- EXERCISE INSTRUCTIONS:
What's needed is an exact copy of all the data below, without pictures.

- INFORMATION SHOWN:
##############################

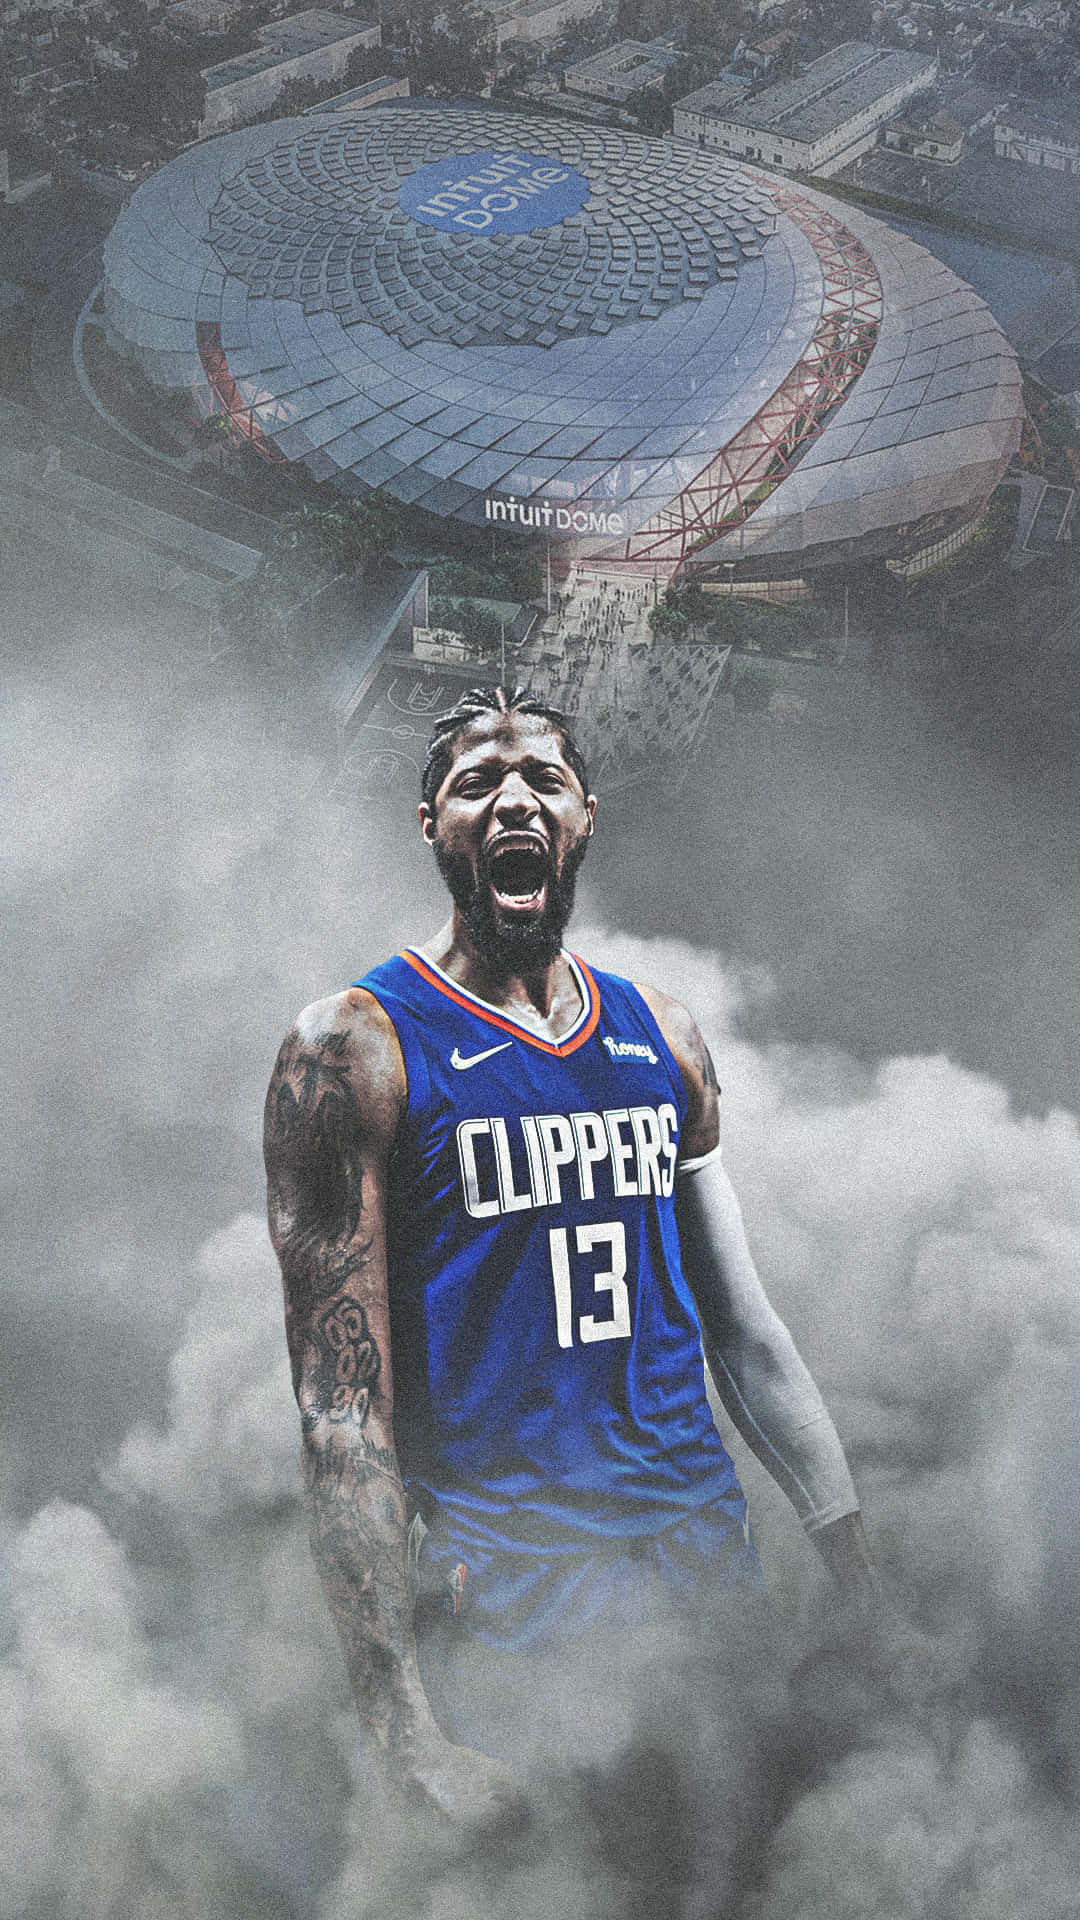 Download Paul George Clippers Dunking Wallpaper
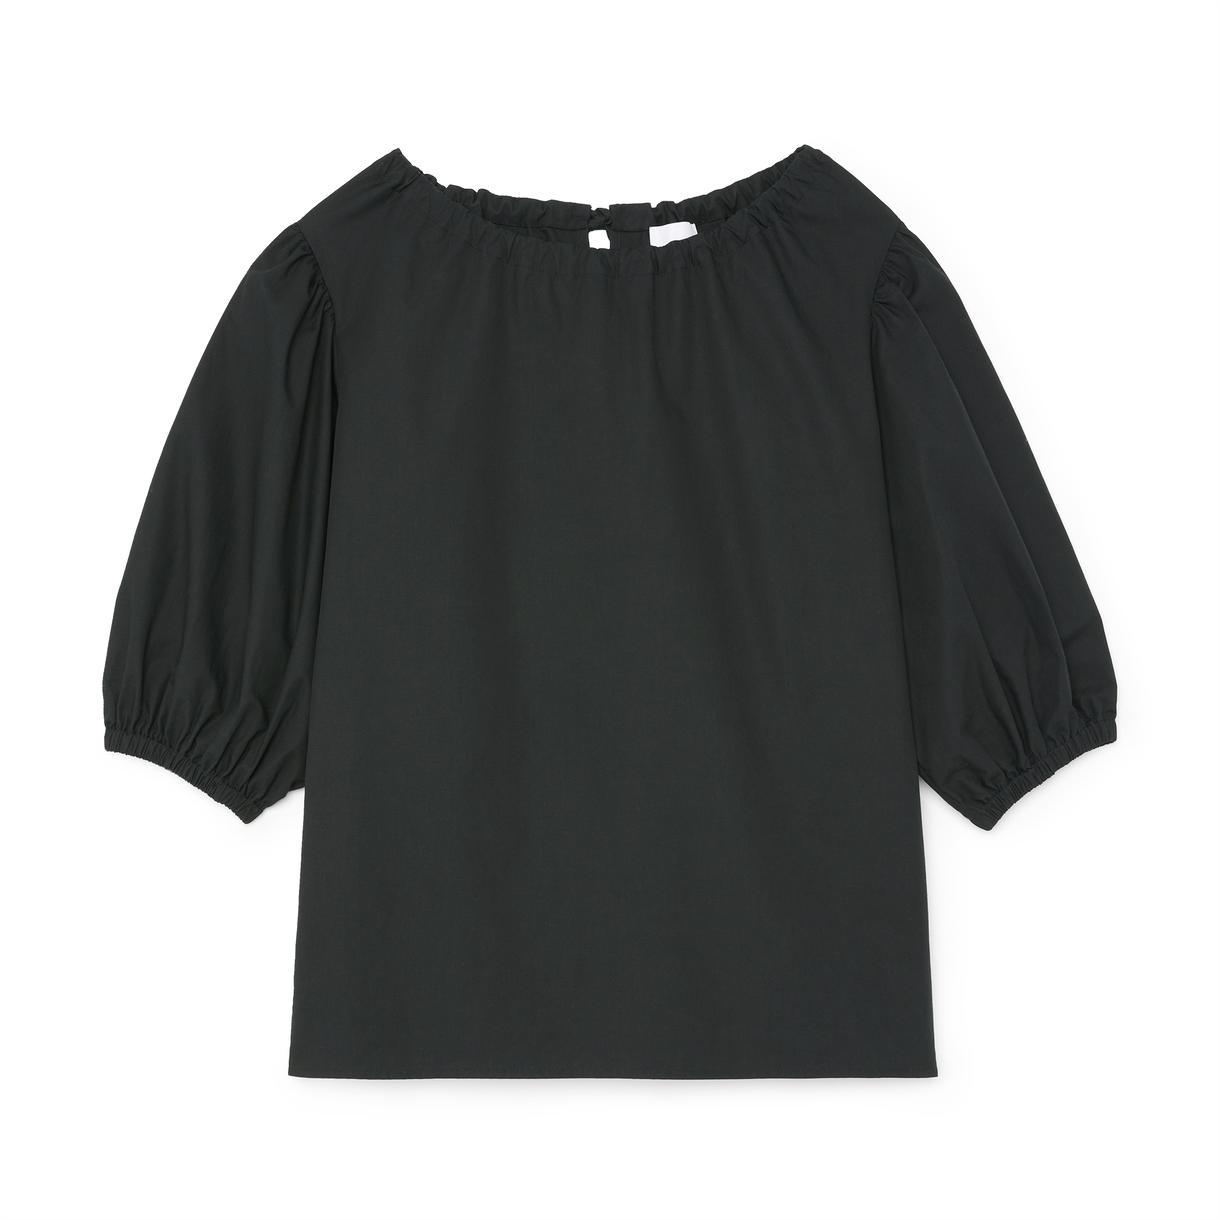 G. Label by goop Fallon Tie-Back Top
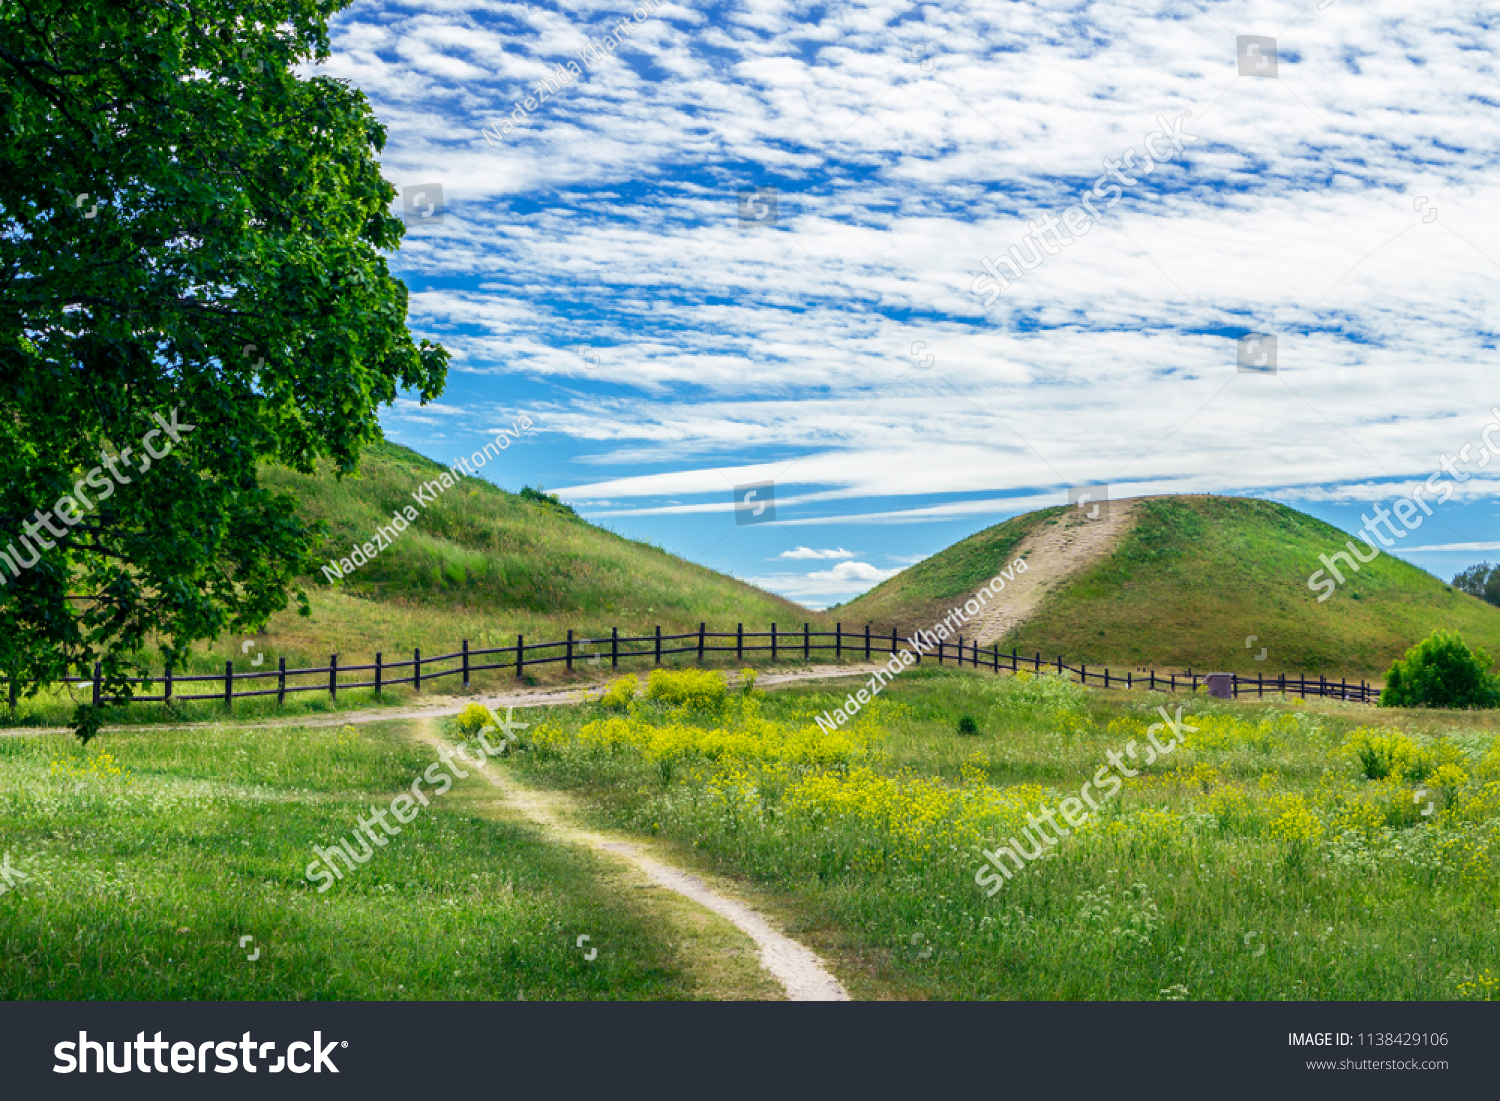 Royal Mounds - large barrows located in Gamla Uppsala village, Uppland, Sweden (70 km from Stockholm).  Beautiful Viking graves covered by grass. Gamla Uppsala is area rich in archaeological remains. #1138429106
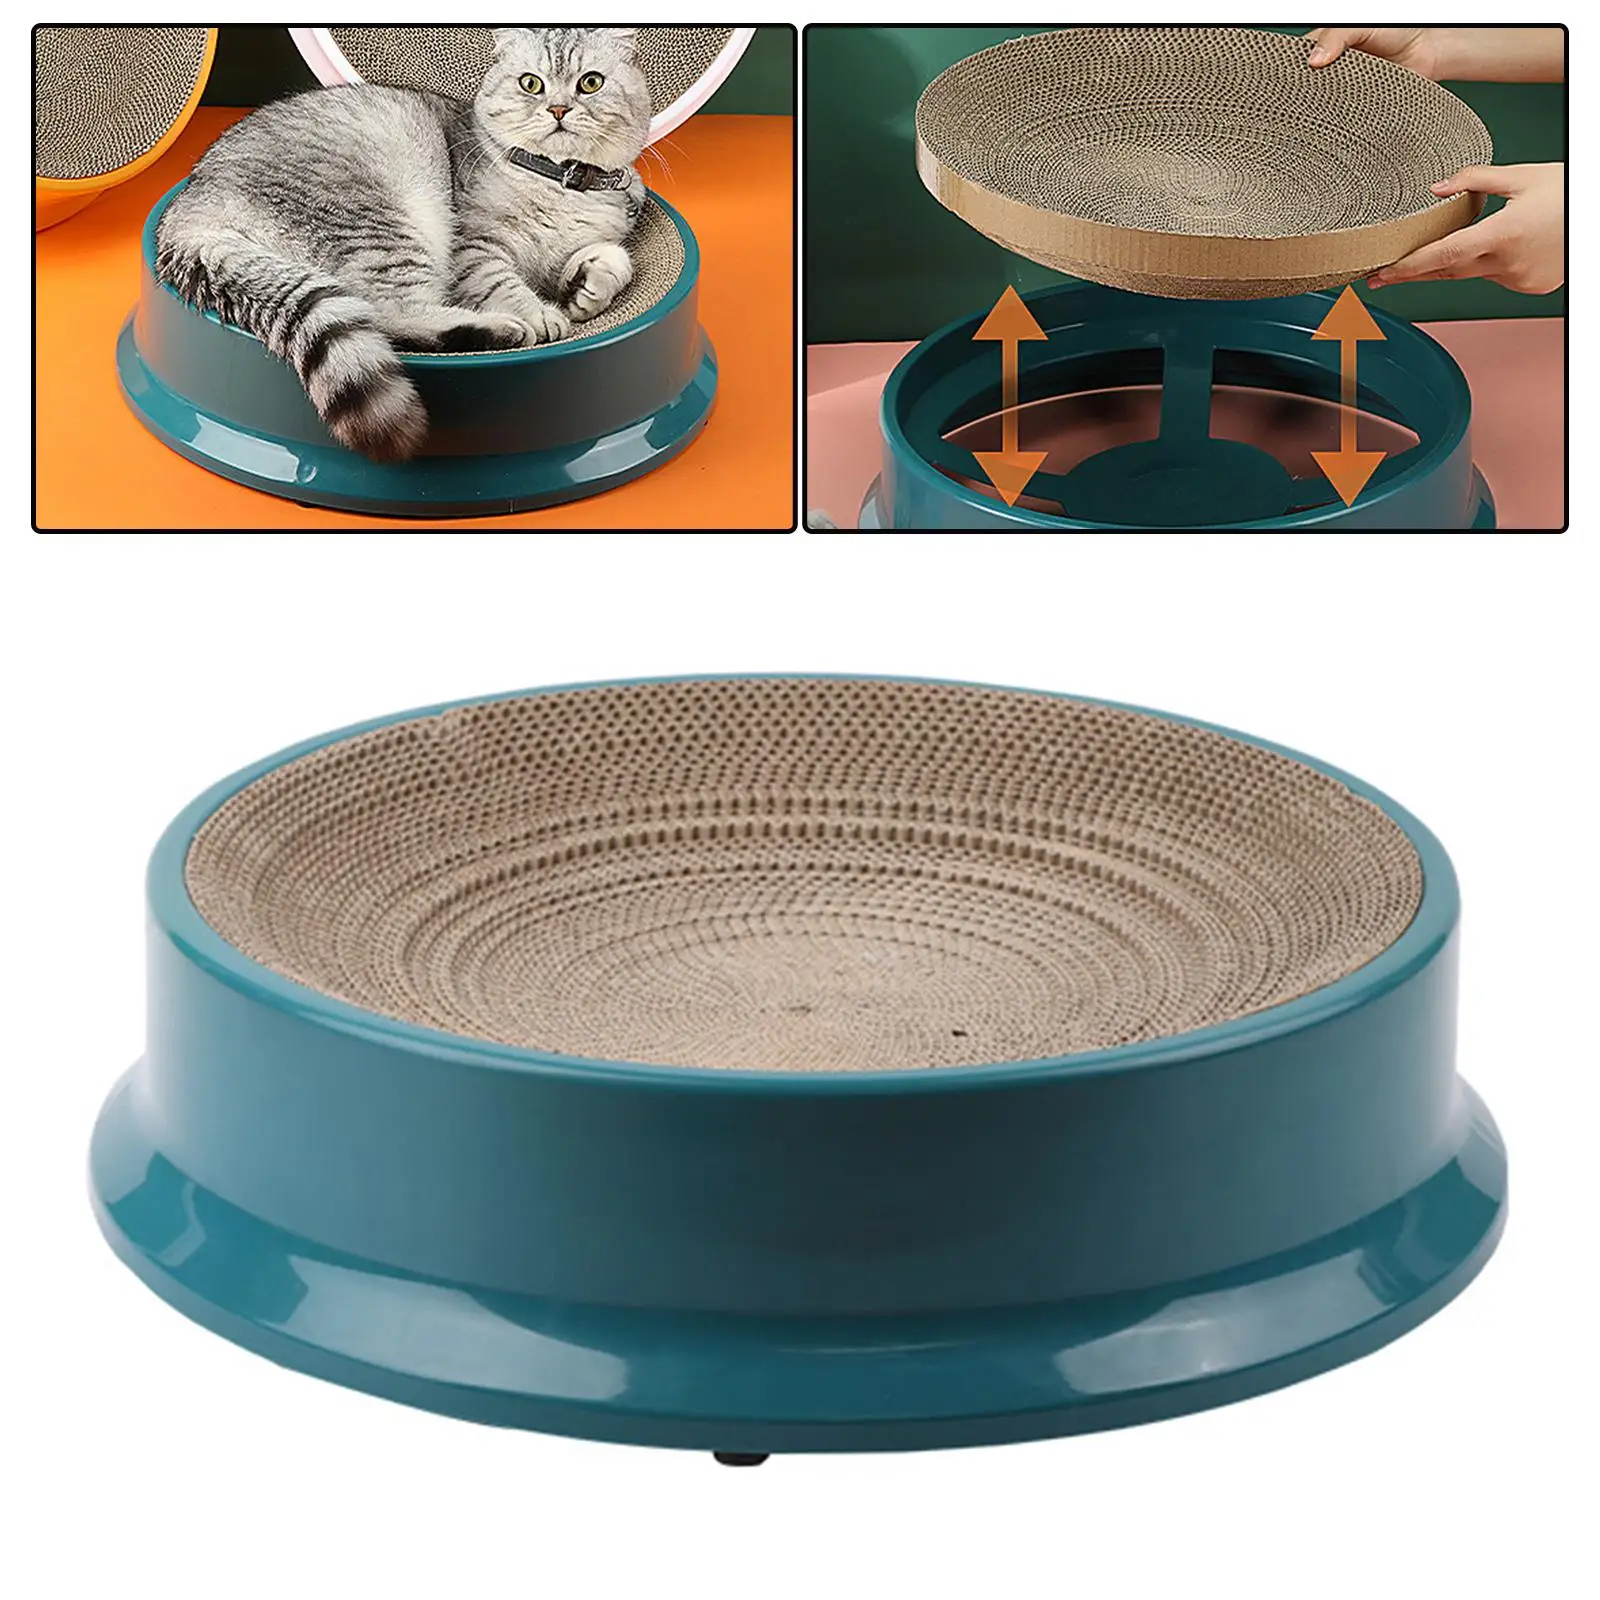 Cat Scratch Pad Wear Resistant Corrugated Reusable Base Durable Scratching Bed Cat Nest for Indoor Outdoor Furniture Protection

##############################

- RESPONSE FOR THIS EXERCISE:
 Download Paul George Clippers Dunking Wallpaper
 G. Label by goop Fallon Tie-Back Top
 Royal Mounds - large barrows located in Gamla Uppsala village, Uppland, Sweden (70 km from Stockholm).  Beautiful Viking graves covered by grass. Gamla Uppsala is area rich in archaeological remains. #1138429106
 Cat Scratch Pad Wear Resistant Corrugated Reusable Base Durable Scratching Bed Cat Nest for Indoor Outdoor Furniture Protection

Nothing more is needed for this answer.